Он уходил доверчиво и гордо. Он признал меня равным себе. И
нам с ним нечего было делить в этом лесу. Он очень не хотел открывать мне свою
хромоту, чтобы я не посчитал его уход отступлением. Но мы оба были старыми
воинами, и я разглядел свежие шрамы у него на бедре.
Мне случалось охотиться на туров, когда их поднимали в чаще
княжеские выжлецы. Я видел, как могучие быки прогоняли прочь робких туриц и
одни встречали погоню, бесстрашно и яростно принимая свой последний бой. Видел
их и мёртвыми – павшими достойно… Но я понял, что лишь нынче мне выпало узреть
лесного бойца в его настоящем обличье. Величественным и спокойным, исполненным
той мощи, которую мало чести пускать в дело по пустякам. Истинным князем, что
сидит в своей гриднице меж бояр, опершись о меч, вложенный в ножны…
Я подождал, пока он скроется из виду. Следовало уйти и мне:
такой уж получилась наша с ним клятва, данная без слов. Но в моей суме лежала
добрая краюха: тур, принюхиваясь, должен был учуять не только железо, но и
хлеб.
Рано или поздно лесной князь вернётся проверить, сдержал ли
я обещание… Я положил краюху на тропу и ушёл. Мне, привыкшему сражаться, было
почему-то радостно оттого, что рогатый воин впервые примет от меня не железо, а
хлеб.
А ещё в тот день мой путь снова пролёг мимо священного
древа. Про себя я давно уже решил подарить ему новые кабаньи клыки и потому
думал сегодня обойти его стороной, не хотел тревожить с пустыми руками. Но
услыхал на поляне человеческий голос и не удержался, свернул-таки посмотреть.
Перед сосной стояла на коленях та самая девушка, что
поранилась в поле серпом. Я уже знал, как её звали: Надёжа. Видно, крепко любил
её давно умерший отец. Это было хорошее имя.

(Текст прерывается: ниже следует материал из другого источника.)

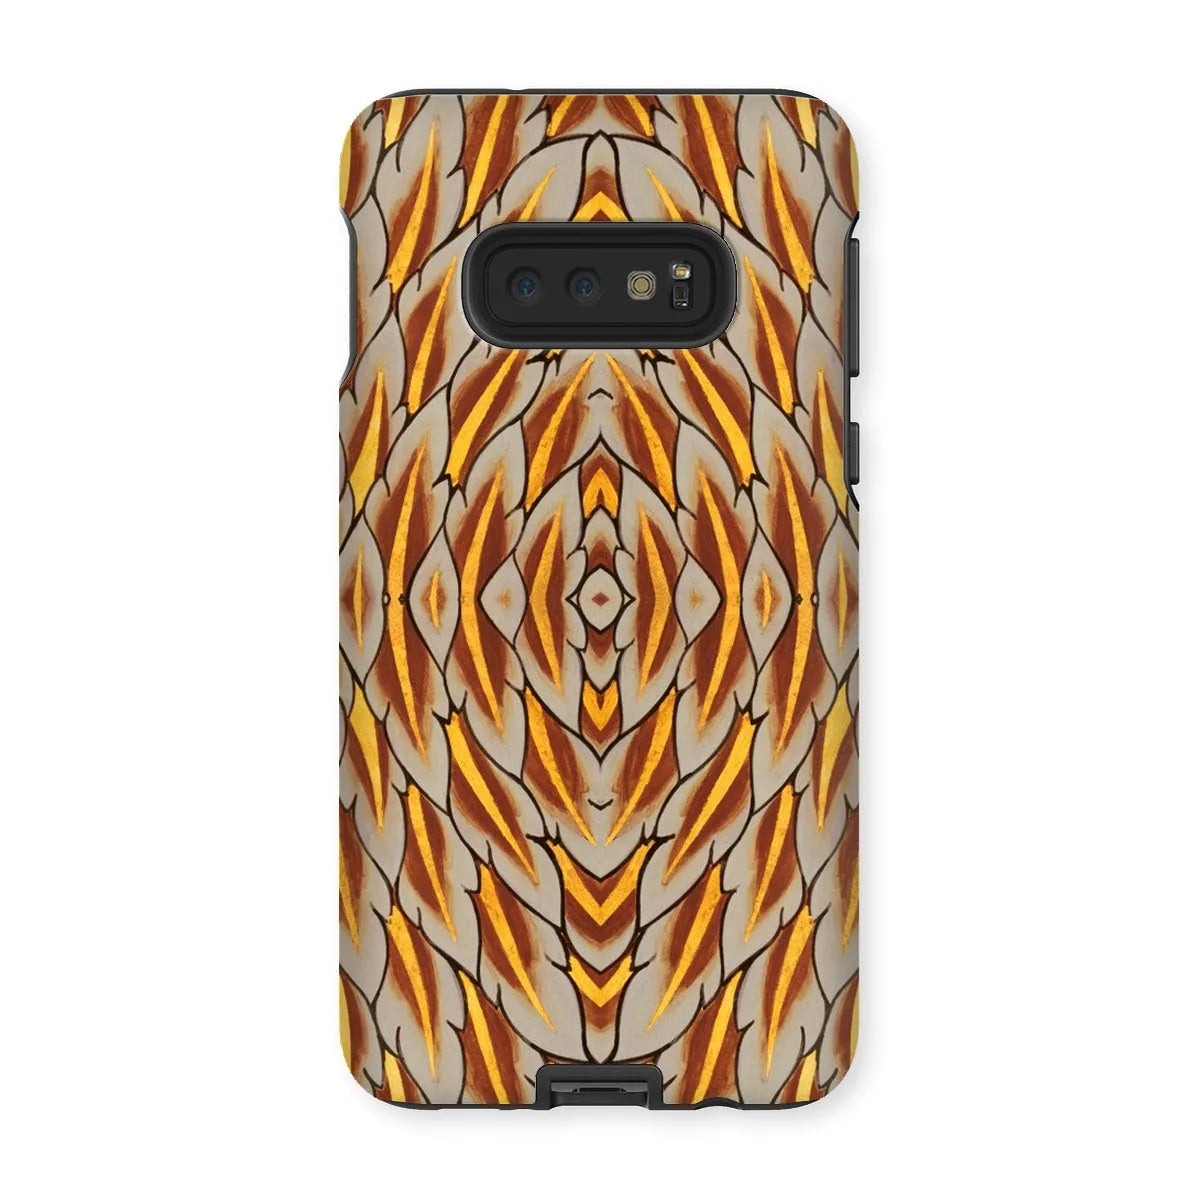 Featherweight Champion Thai Aesthetic Art Phone Case - Samsung Galaxy S10e / Matte - Mobile Phone Cases - Aesthetic Art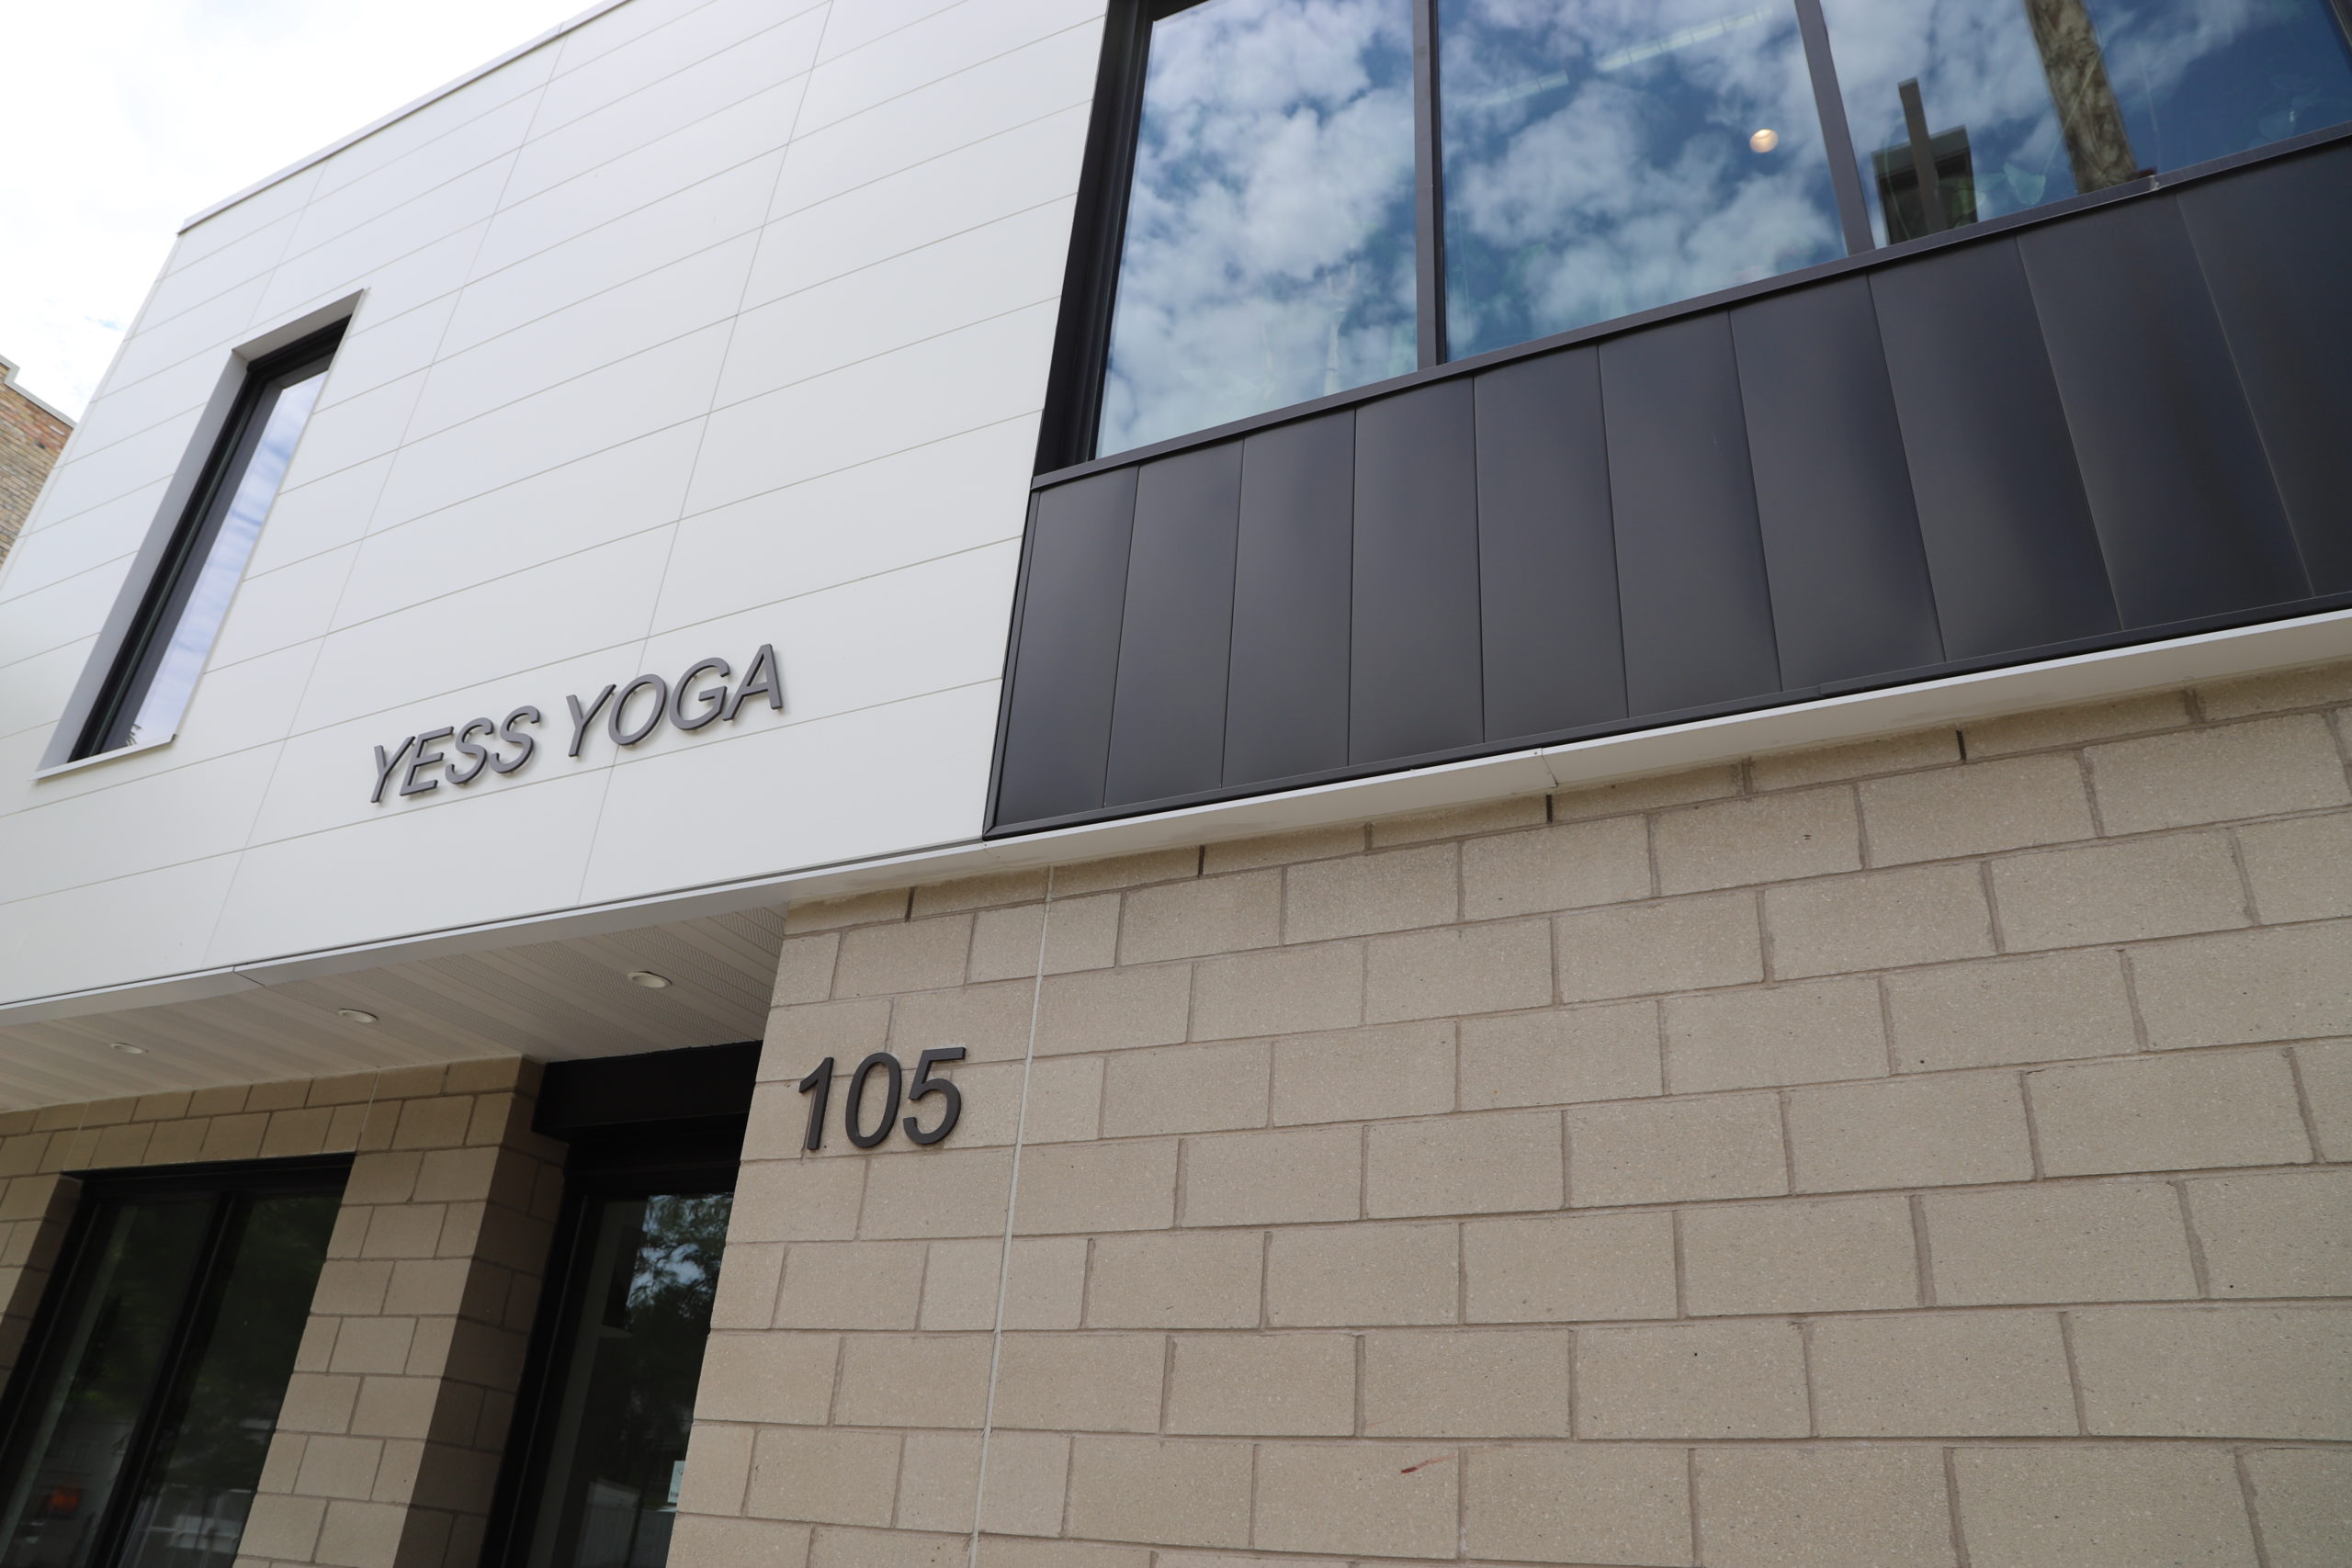 The corner of a two story building with a sign that says "Yess Yoga" on the side in Minneapolis, MN.

Надёжа горько плакала и всё кланялась дереву, отвечавшему ей
отстранённым, высоко вознесённым гулом. Так у порога моего прежнего дома звучал
не ведающий покоя прибой, и никто не знал, что за сила порождала его, день и
ночь ворочаясь в бездонной глубине… А у подножия вещего древа, спутанная
лыковой верёвкой, барахталась в траве голенастая курица. Вечером или ночью
милосердная чаща пришлёт за ней вечно голодного лиса.
Потом я с удивлением разобрал имя Братилы… Ну и что,
подумалось мне. Не больно широкоплеч, зато молод и пригож. Я не понял только,
почему она решила просить помощи у сосны. Умылась бы над ковшиком да и
приворожила милого приворотным заговором – ведь так, кажется, от века поступают
девчонки? Или он чем обидел её, и она вымаливала ему погибель?.. Однако не дело
слушать предназначенное не тебе, да ещё в таком месте, как эта поляна! И я
хотел было уйти, так и не показавшись Надёже, когда приметил, что за ней
наблюдали не только мои глаза.
Старейшина Лас не больно задумывался над именами для
сыновей, называл их в том порядке, в каком они появлялись на свет: Первак,
Другак, Третьяк. Только самого младшего, четвертуню, назвал Мстишей. Говорили,
это жена наконец упросила его уважить деда мальчишек, её отца.
Старший сын Ласа, Первак, хоронился в подлеске, терпеливо
дожидаясь, пока Надёжа пустится в обратный путь.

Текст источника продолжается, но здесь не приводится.